Snipe Gallinago gallinago

A medium-sized wader, the snipe lives in marshes, wet grassland and moorlands. Snipe are brown with an intricate pattern of black and gold stripes and bars and a stripy-brown and gold head. They have short, greyish-green legs and a very long, straight bill.




Snipe nest by scraping a small hole in the ground for their eggs. During the breeding season, the males can be heard making a unique ‘drumming’ sound as their tail feathers vibrate in the wind during rapid descents in flight displays.
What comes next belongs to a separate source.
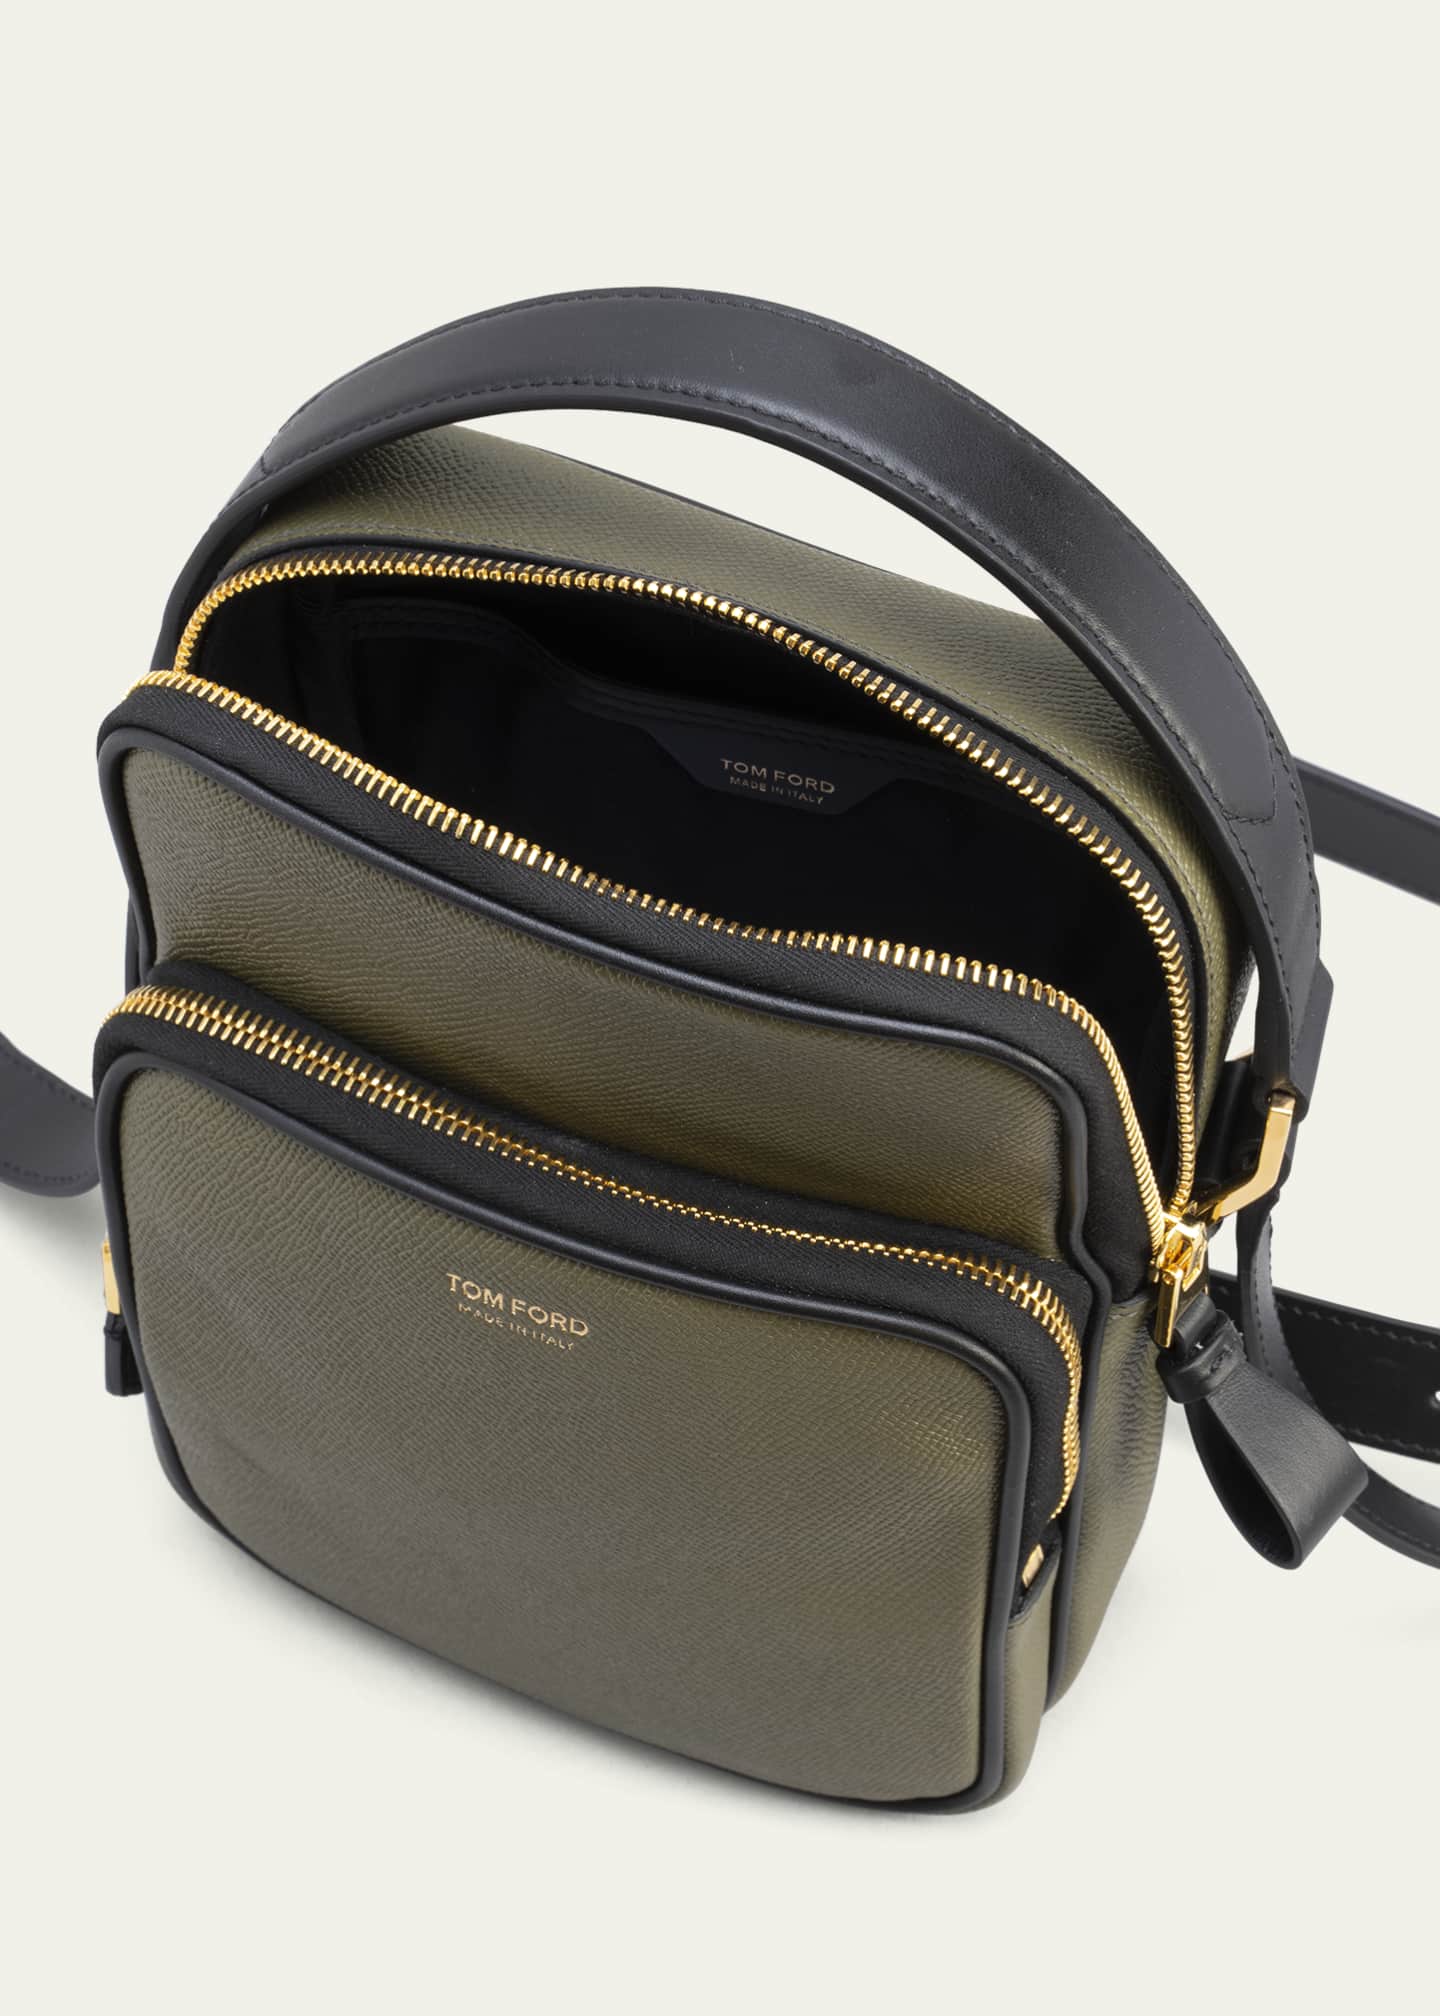 TOM FORD Men's Leather Double Zip Messenger Bag - Bergdorf Goodman

They use their long, probing bill to find insects, earthworms and crustaceans in the mud, typically swallowing prey whole.


  • Length: 25-27cm
  • Wingspan: 46cm
  • Weight: 110g
  • Average Lifespan: 3 years


Classified in the UK as an Amber List species under the Birds of Conservation Concern review.


Widespread, a fairly uncommon breeding bird but common winter visitor, found on wet grassland and marshes.

When to see

January – December


  • Snipe have a flexible tip to the beak which is also full of nerves: they can feel for worms deep underground and then open the end of their beak to grab them.

Common name


Species name

Gallinago gallinago

IUCN Red List status

Least concern

When to see in Scotland

January – December

Where to see in Scotland

Scottish Wildlife Trust reserves such as Rahoy Hills or Bemersyde Moss.